There are a number of constraints required to fully formulate the selection problem. First, we wish to impose a quadratic restriction on the relatedness or group coancestry, θ, of the selected cohort, specified as θ ≥ c T Ac/2, where the additive or numerator relationship matrix of the pedigree is denoted A, of size Z × Z. The maximum and minimum contributions that a particular individual can make are denoted m and u, respectively, and both vectors are of size Z × 1. Here, if pedigree member i is not itself a candidate for selection (e.g., not physically available for use), the corresponding maximum contribution is set to zero (i.e., m i  = 0). Similarly, while the minimum number of contributions for a genotype might normally be zero, there may be times when prior investments might motivate setting u i to a specific value greater than zero, provided that m i  ≥ u i . In monecious tree species, where individuals can have reproductive structures for both genders, there are no limits imposed by gender and the total sum of all contributions in the pedigree should equal unity. For dioecious tree species, restrictions on the contribution of the separate genders are needed: c T d = 0.5 and c T s = 0.5 for female and male contributions, respectively, where: d and s are indicator vectors of size Z × 1,  d i  = 1 and s i  = 0 if tree i is a female and vice versa if i is a male.

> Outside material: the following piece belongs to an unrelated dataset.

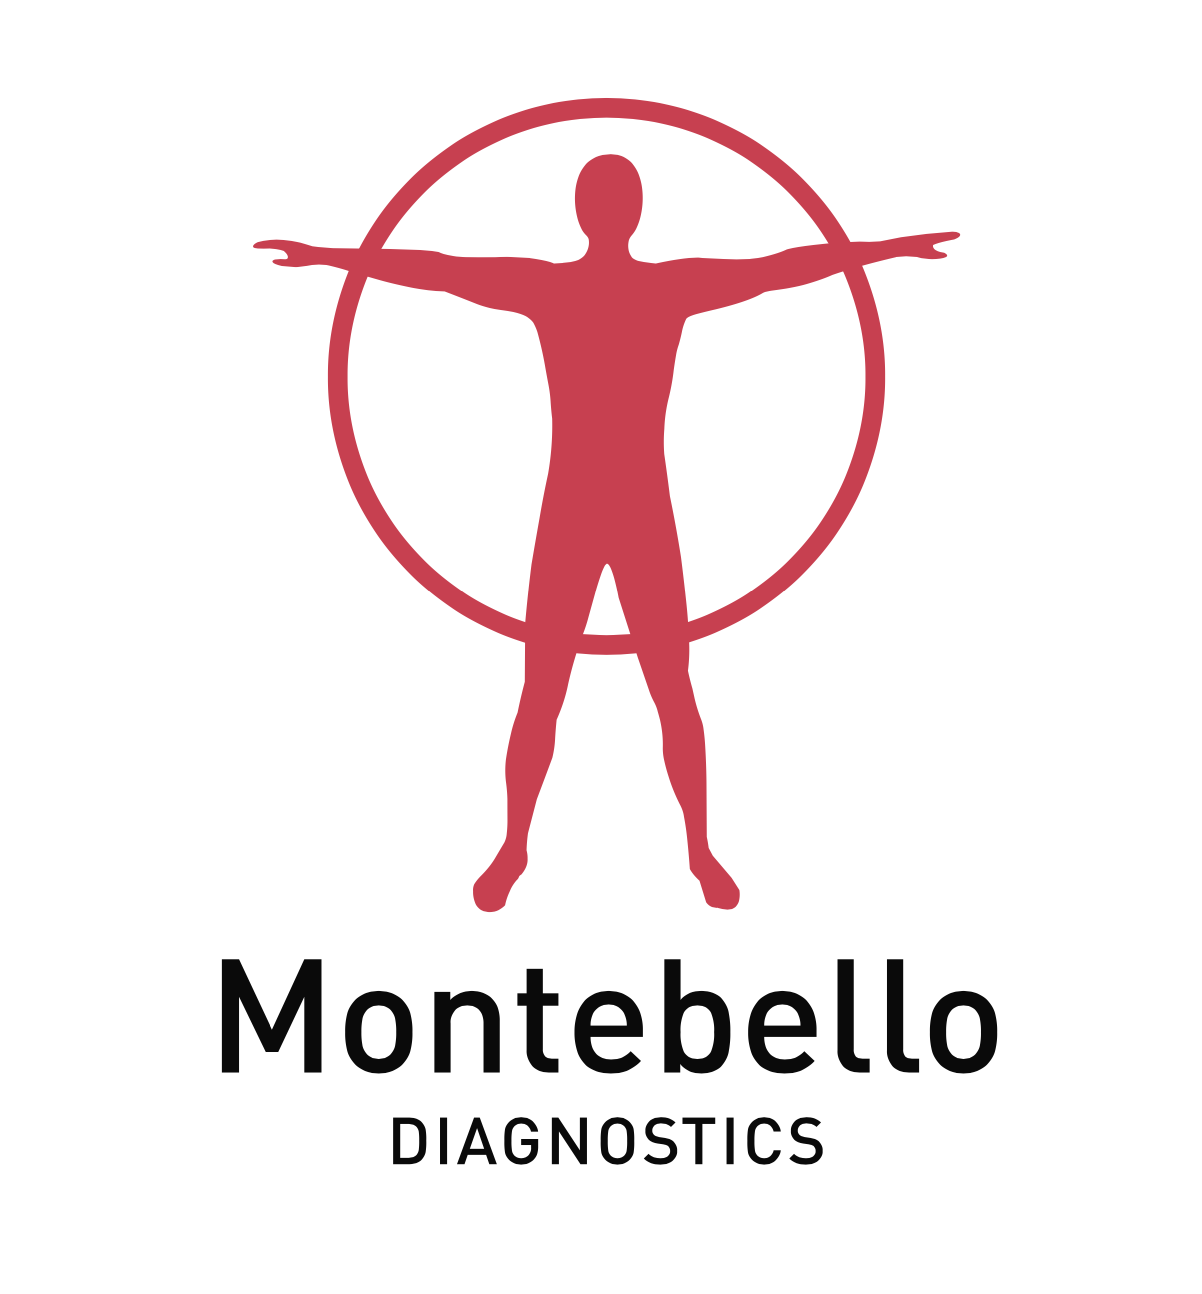 Montebello Diagnostics
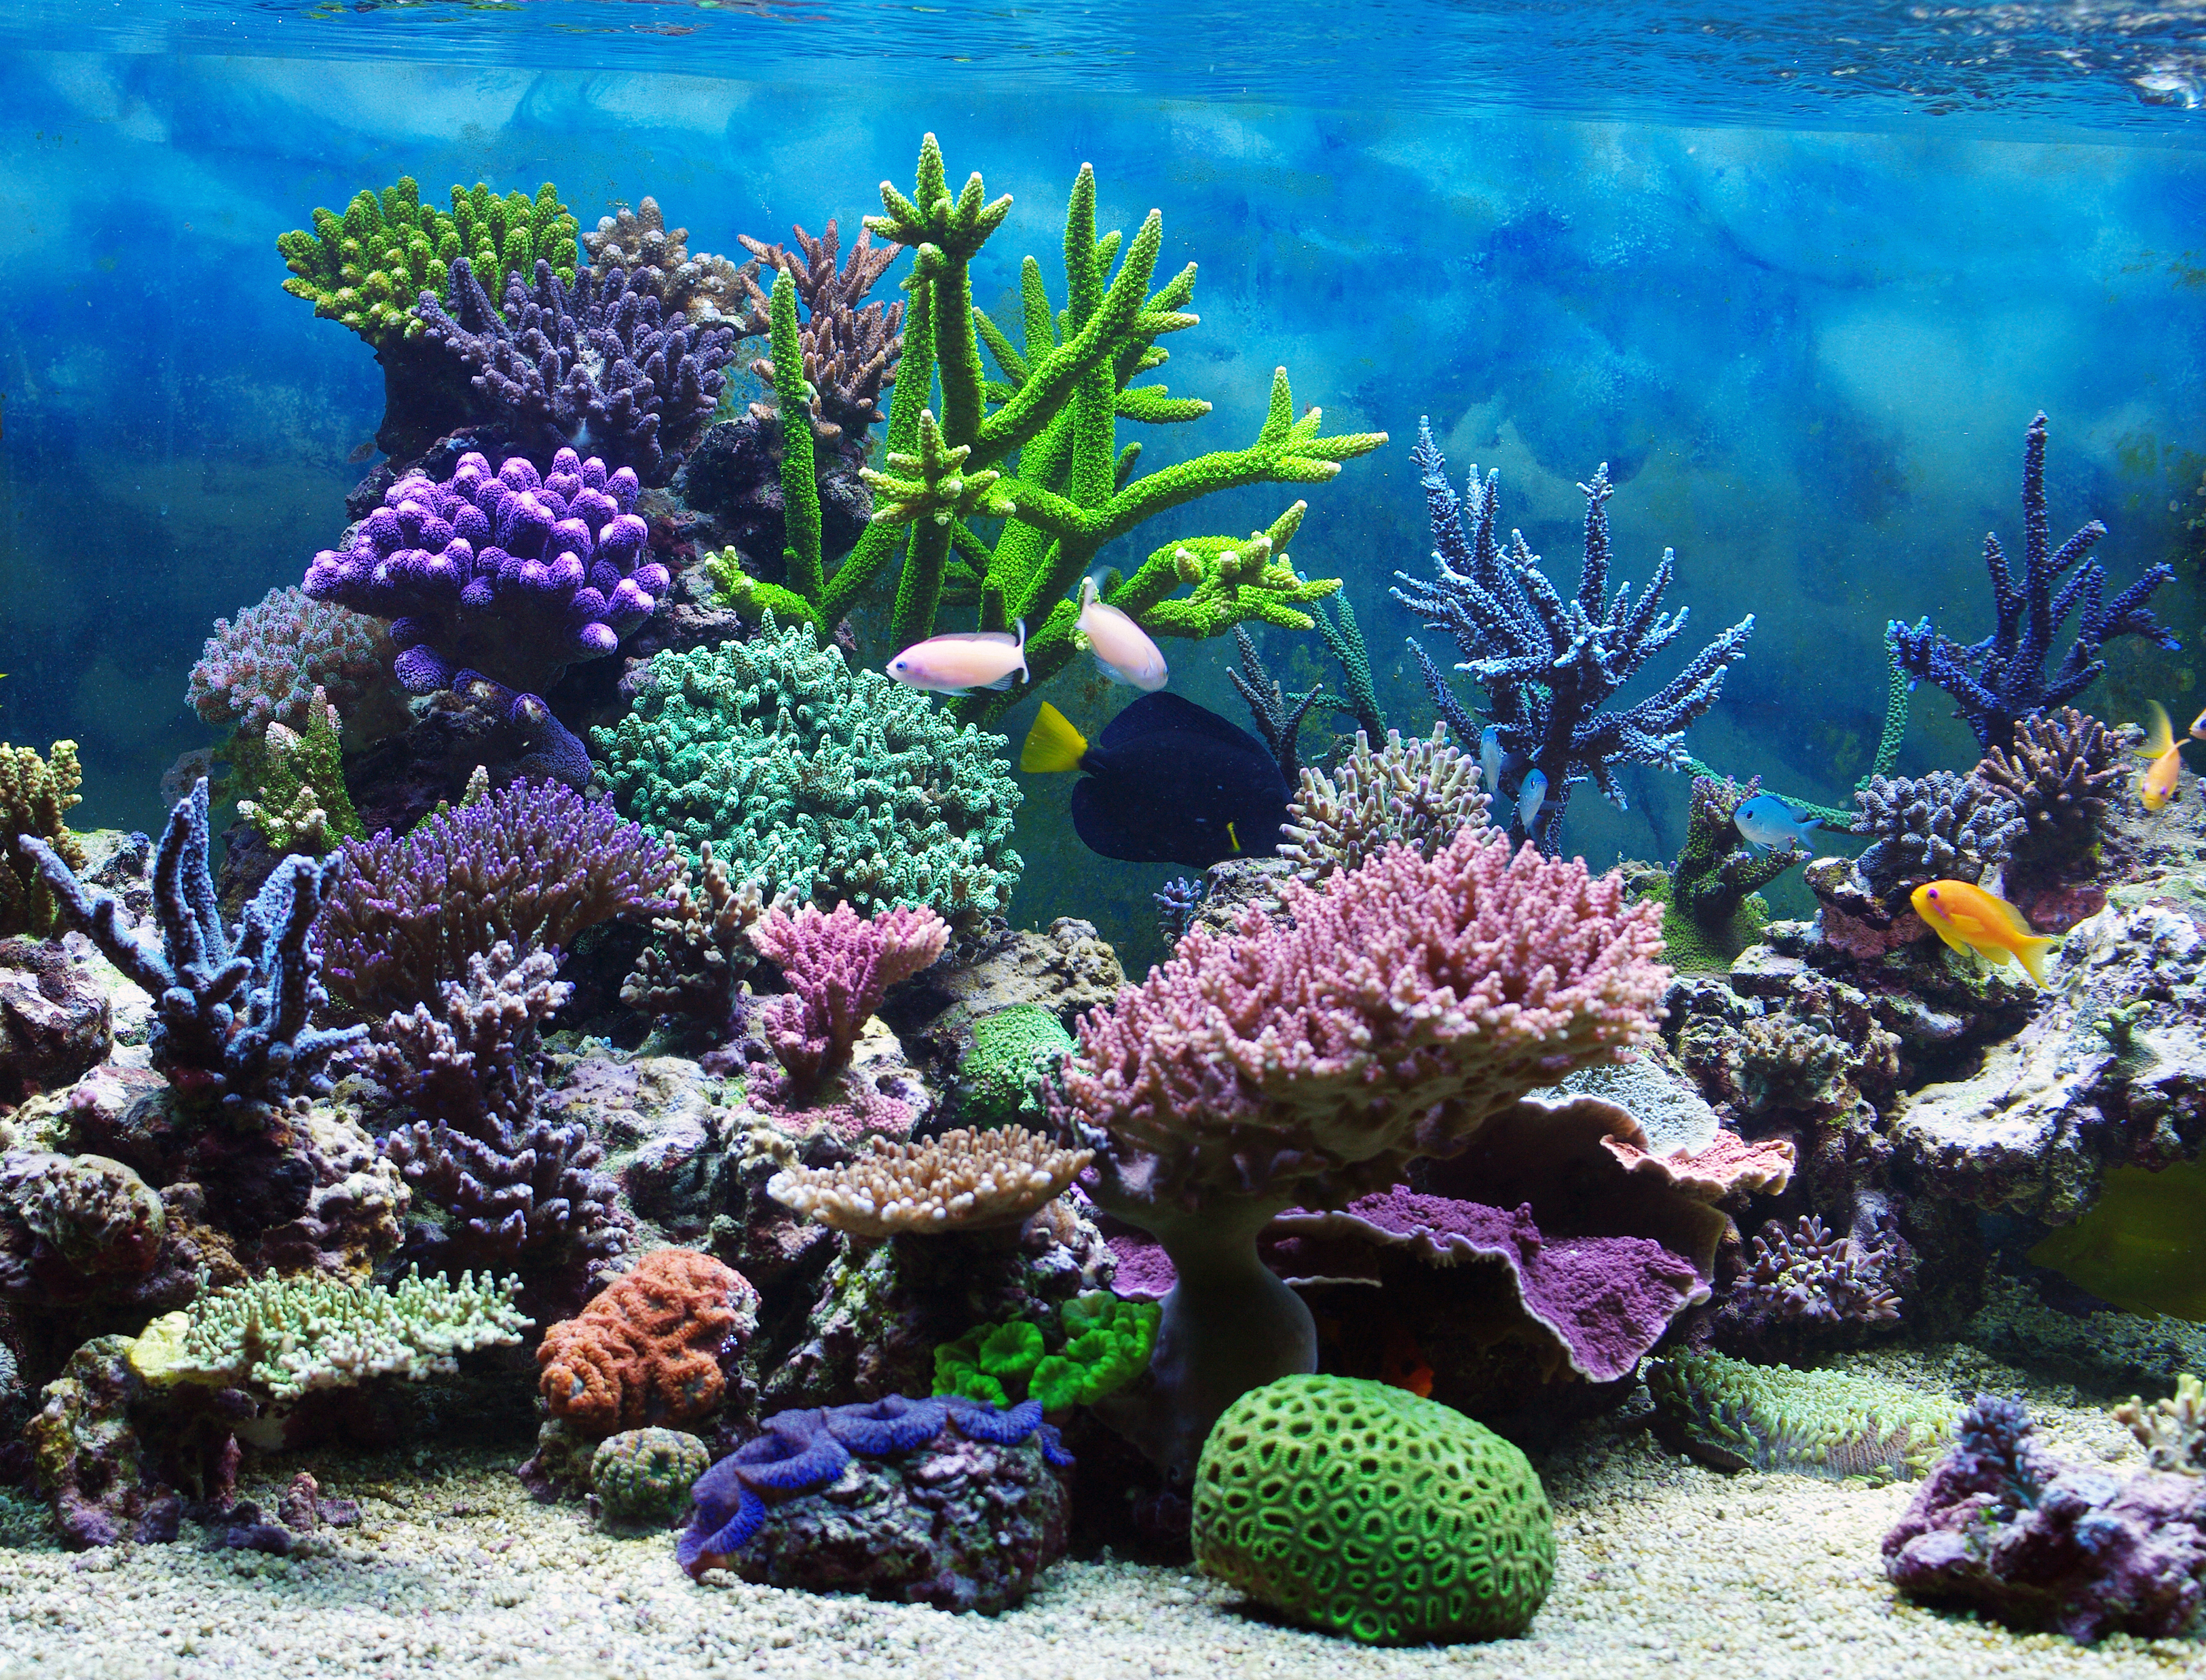 Красивые коралловые рифы. Коралловый риф кораллы. Подводный мир океана коралловый риф. Морской аквариум коралловый риф. Атлантический океан коралловый риф.

In order to find the optimal gene contributions, the problem can be formulated as:

$$ \mathrm{Maximize}:\kern0.5em {\mathbf{c}}^T\mathbf{g} $$
(1a)
$$ \mathrm{Subject}\kern0.5em \mathrm{to}:\kern0.5em {\mathbf{c}}^T\mathbf{Ac}/2\le \theta $$
(1b)
$$ {\mathbf{c}}^T\mathbf{1}=1 $$
(1c)
$$ \mathbf{c}\ge \mathbf{u} $$
(1d)
$$ \mathbf{c}\le \mathbf{m} $$
(1e)

where 1 is a vector of size Z × 1 containing 1s. This formulation of the optimization problem is flexible; for example (1c) could easily be replaced with c T s = 0.5 and c T d = 0.5, if required to account separately for gender.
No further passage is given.